» **TASK GOAL**
Pictures should be left out while the data beneath this task is written out word for word.

» **SUPPLIED DATA**
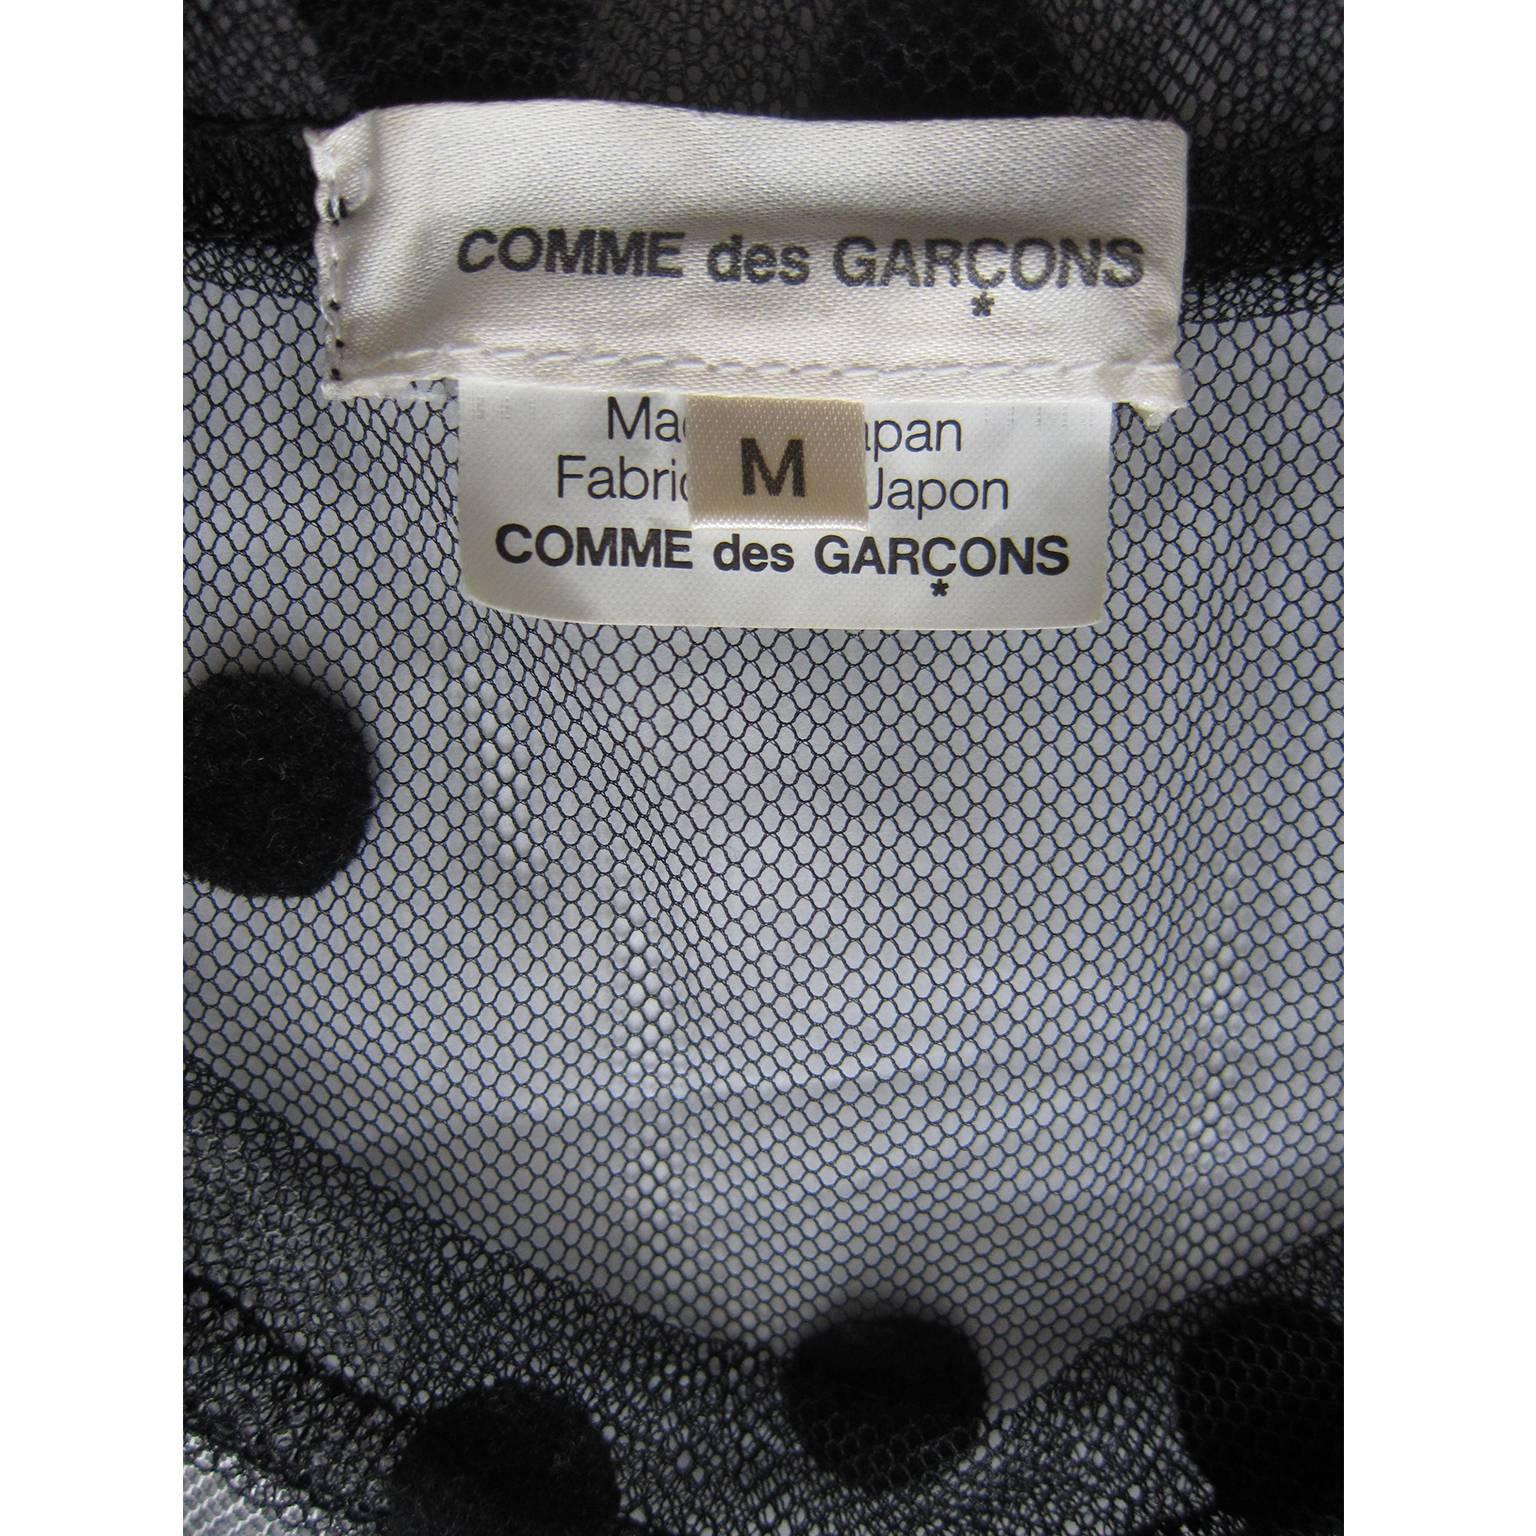 Comme des Garcons Tulle T shirt AD 2005 For Sale 1
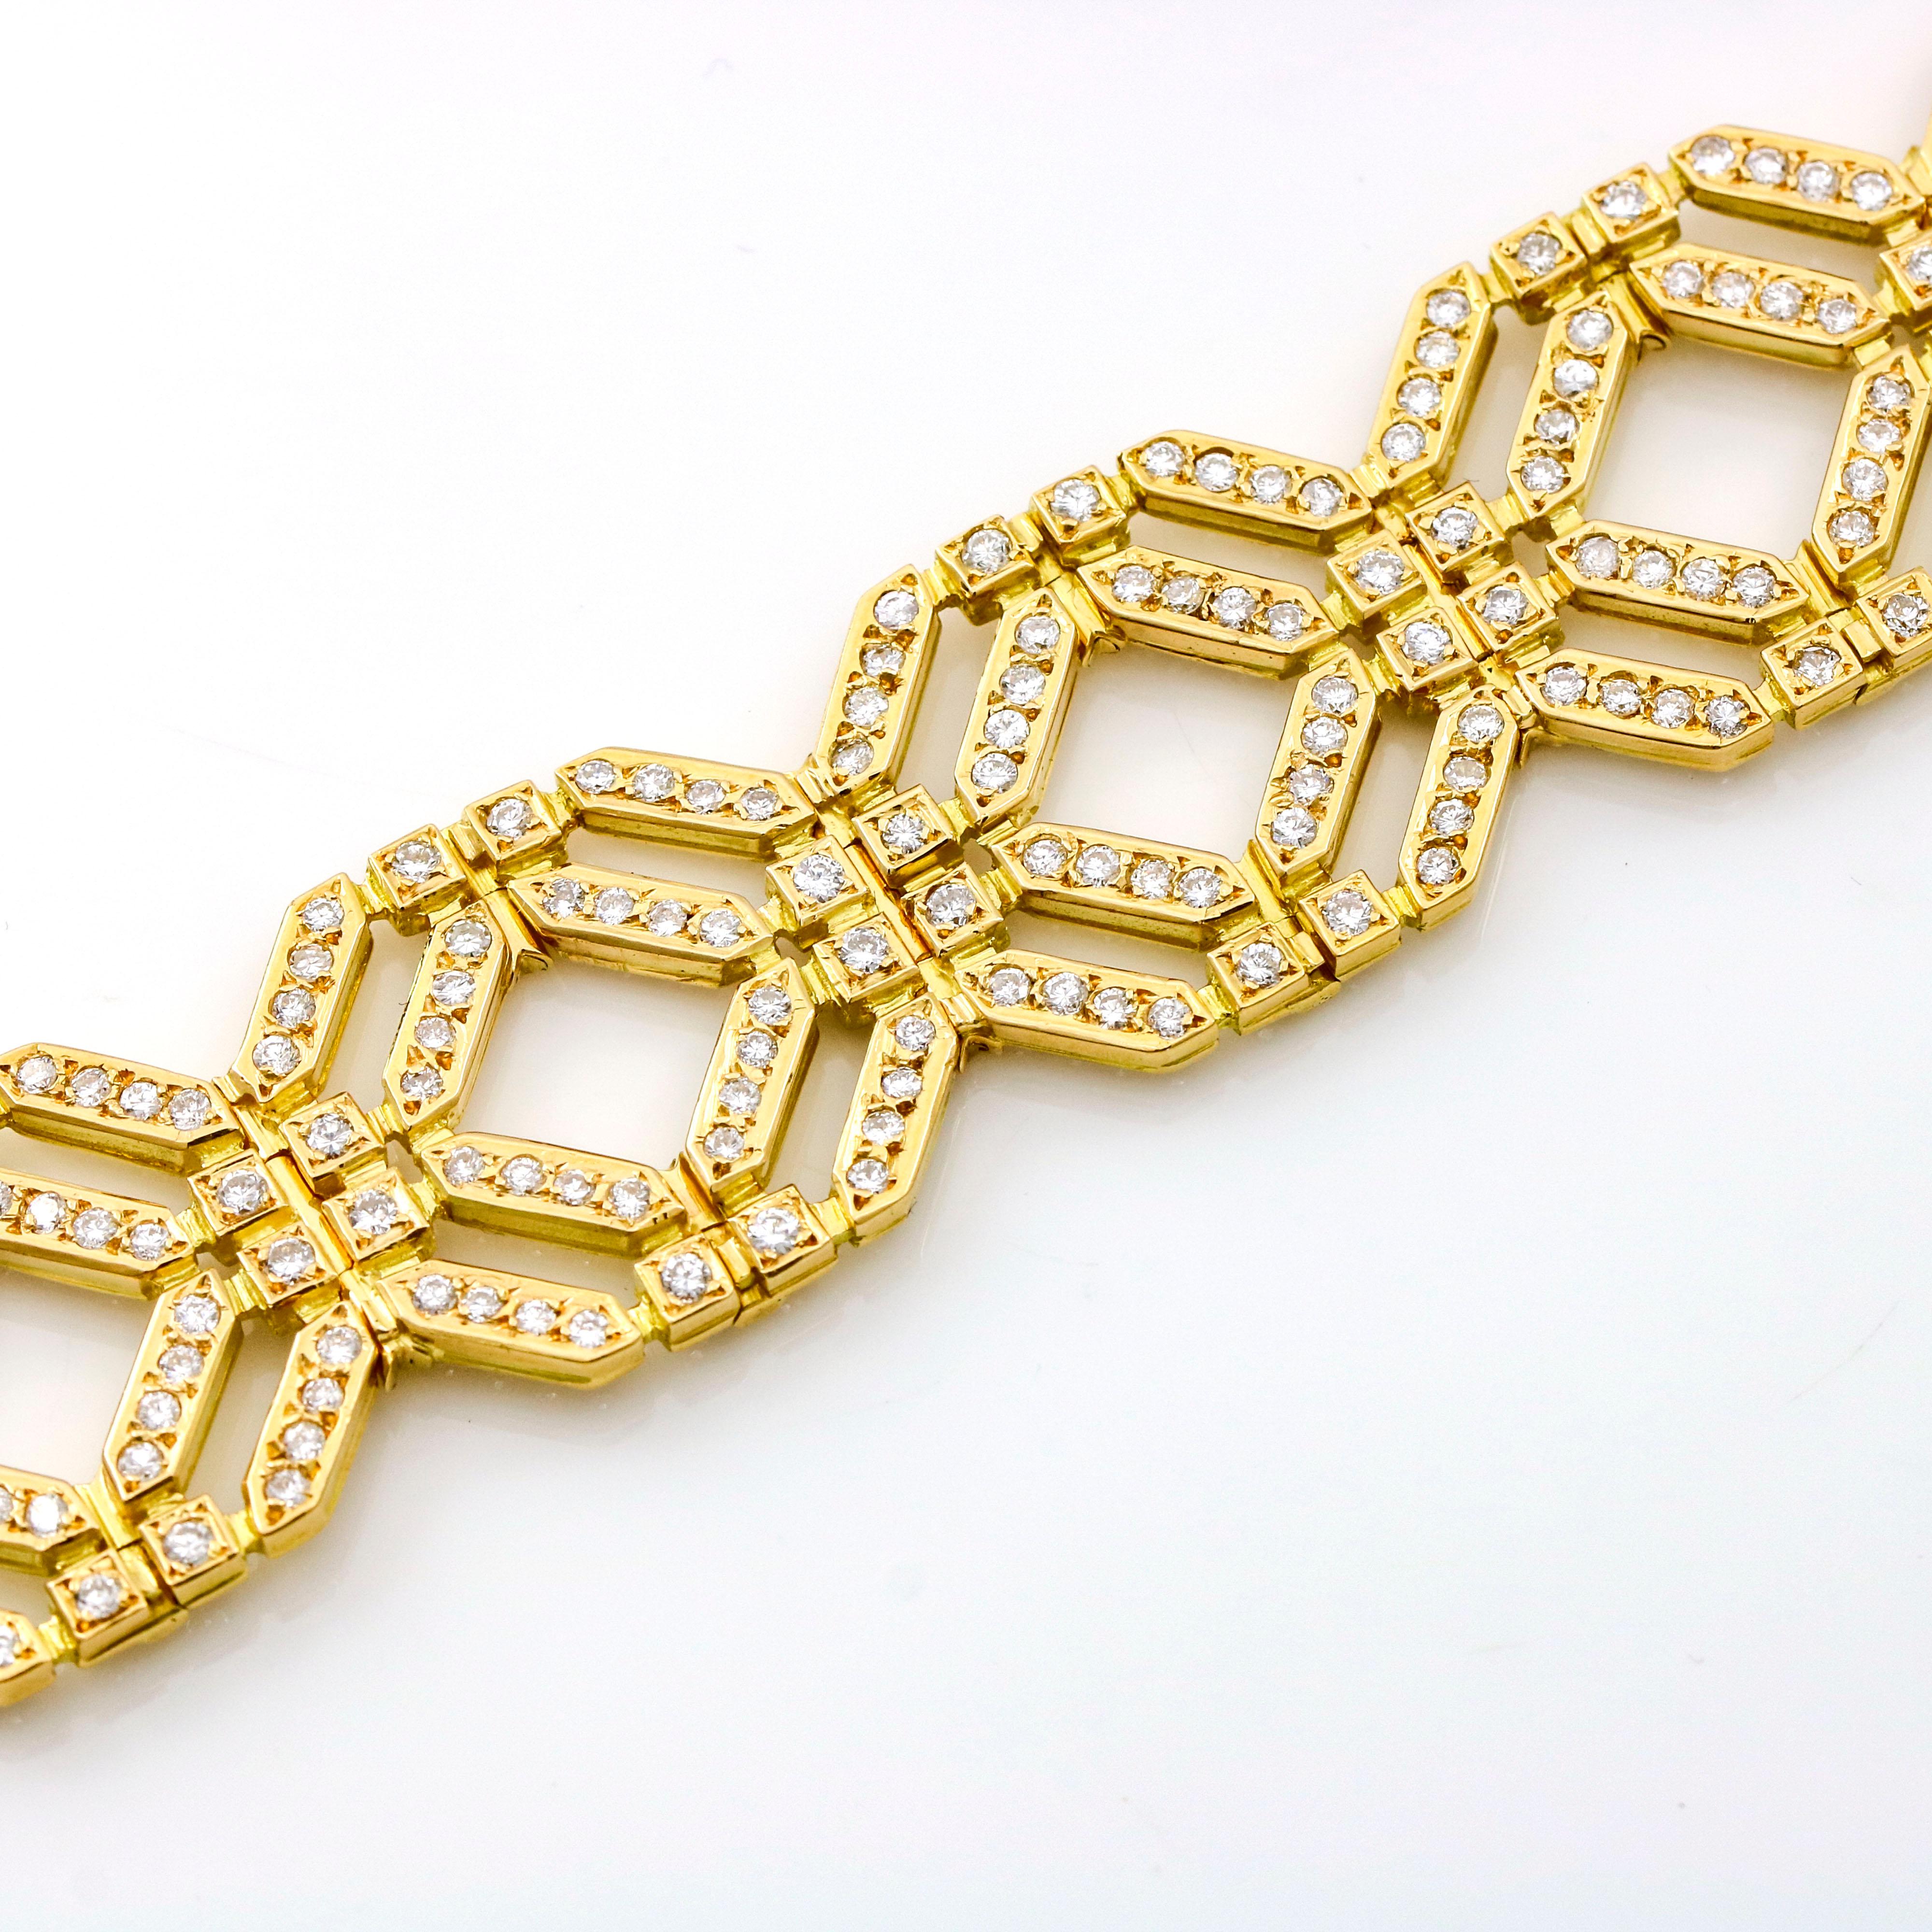 Octagon link bracelet in 18-karat yellow gold with diamonds. The bracelet has 320 round natural diamonds. Diamond color G, clarity VS. Hidden slide clasp. 

Size, Medium
Diamond Total Carat Weight, 8.25 carats

» **SOLUTION TO THIS EXERCISE**
 Comme des Garcons Tulle T shirt AD 2005 For Sale 1
 Octagon link bracelet in 18-karat yellow gold with diamonds. The bracelet has 320 round natural diamonds. Diamond color G, clarity VS. Hidden slide clasp. 

Size, Medium
Diamond Total Carat Weight, 8.25 carats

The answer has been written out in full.